By identifying waste at all stages of the manufacturing process, from design and procurement through to assembly, packaging and transport, a company can often identify significant cost efficiencies as well as opportunities to innovate.
One strand of this ‘clean design’ that is rapidly gaining interest in academic and business arenas is ‘design for disassembly’, which promotes product design with its eventual separation and re-use in mind.
In particular, ‘active’ disassembly refers to the ability to rapidly disassemble complex products into their component parts through the use of heat, vibration, water or other triggers – without the need for manual separation or destruction of some parts.
Research in this area is dominated by Brunel University and has included such ideas as, the use of capped screws on a games console which could be triggered and released by exposure to hot air.

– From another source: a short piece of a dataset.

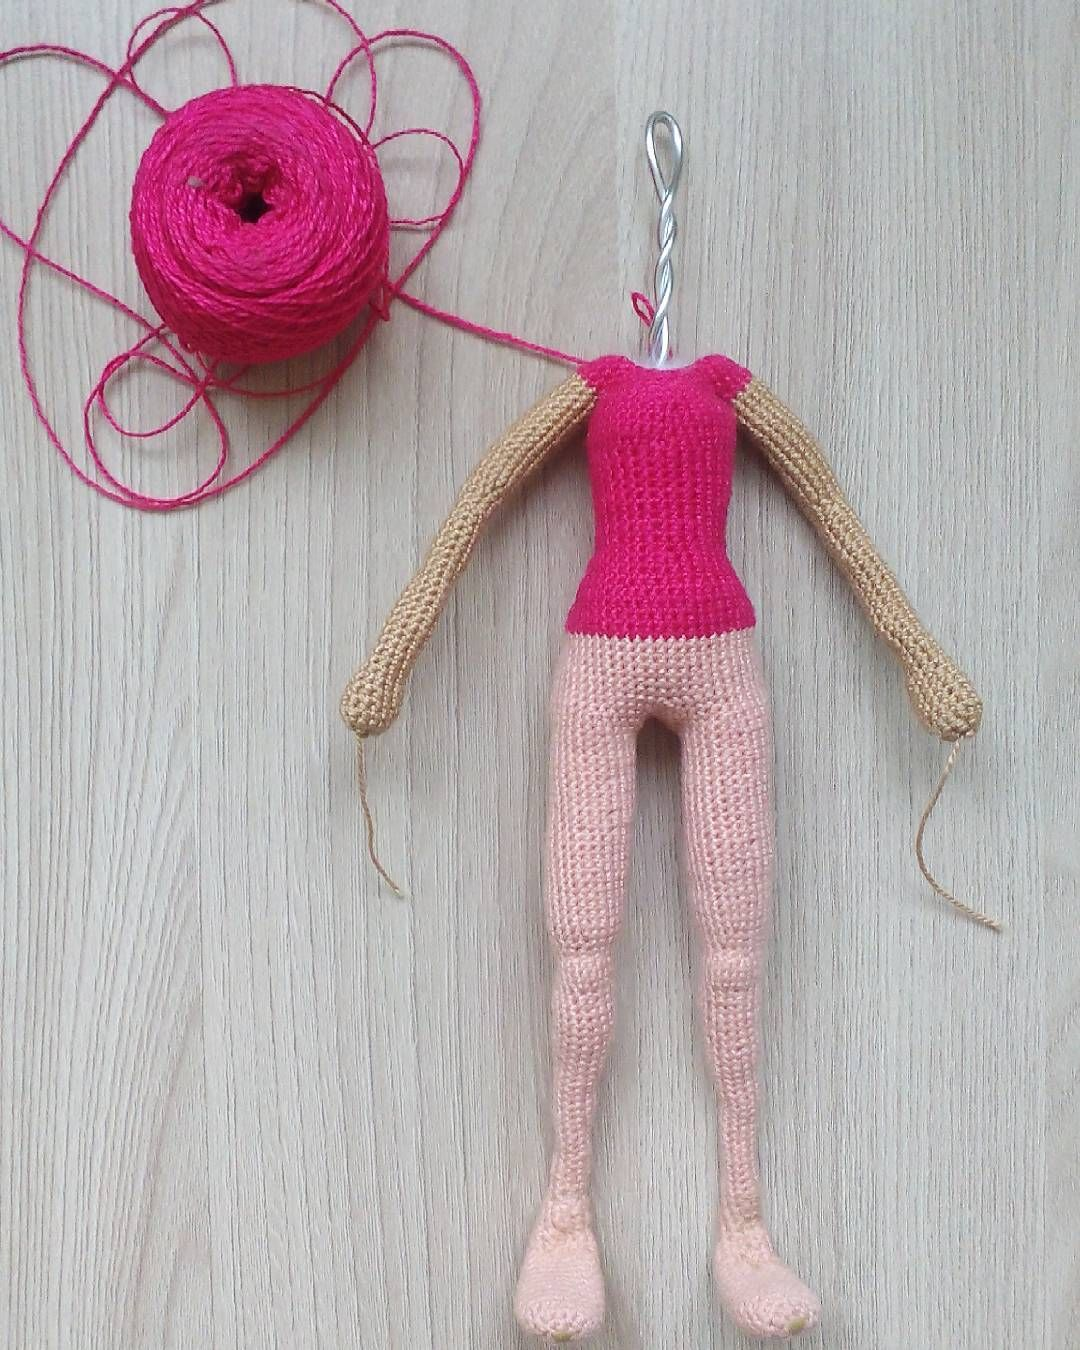 Pin de Natalka en Вязаные куколки   Pinterest   Muñecas, Ganchillo y ...
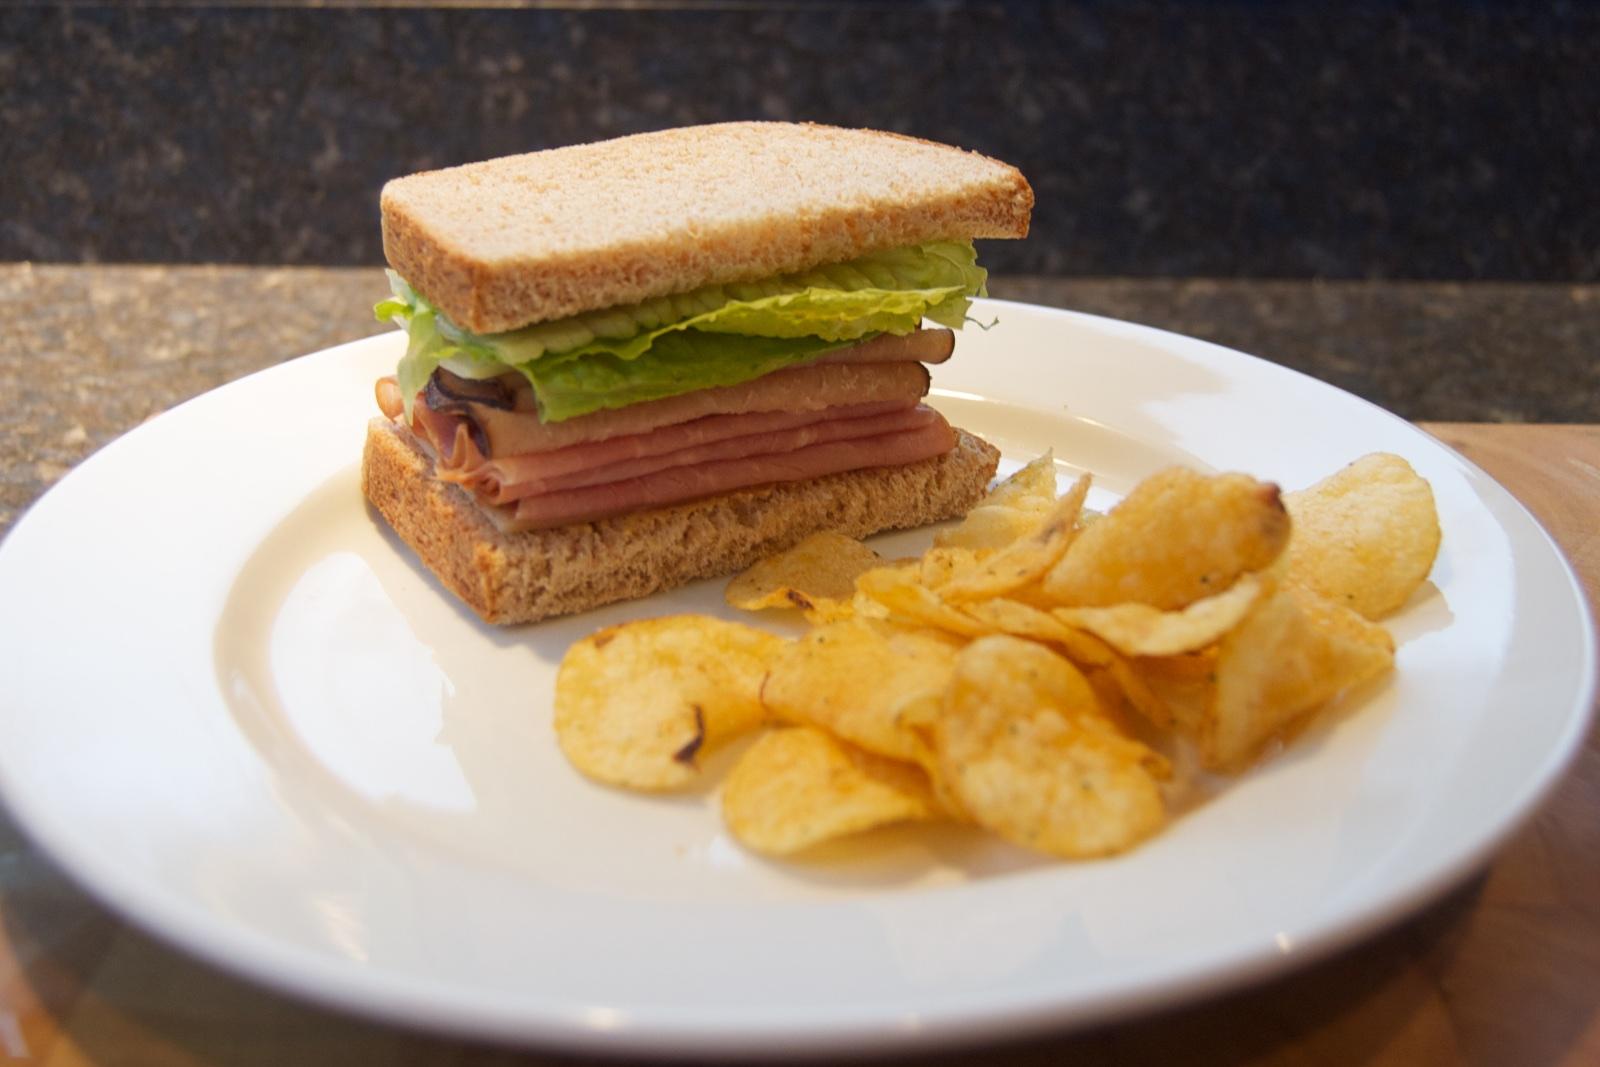 http://blog.rickk.com/food/2015/03/26/ate.2015.03.26.l.jpg

This allows the product to be disassembled quickly whilst limiting damage to the component parts.
However, it also highlights the need for a new ‘disassembly’ infrastructure to accompany the development of these new technologies.
While active disassembly is not currently a viable or affordable process for the majority of businesses, ongoing research will provide valuable insight into how early design considerations can influence the way a product is broken-down and re-used at its end of life. It is also a movement that is gaining momentum now the WEEE Directive has come into force.
For example, a recent DTI funded, fact finding mission to Europe found the ‘clean’ separation and recovery of WEEE components was going to be paramount in helping to achieve the UK’s challenging recovery targets.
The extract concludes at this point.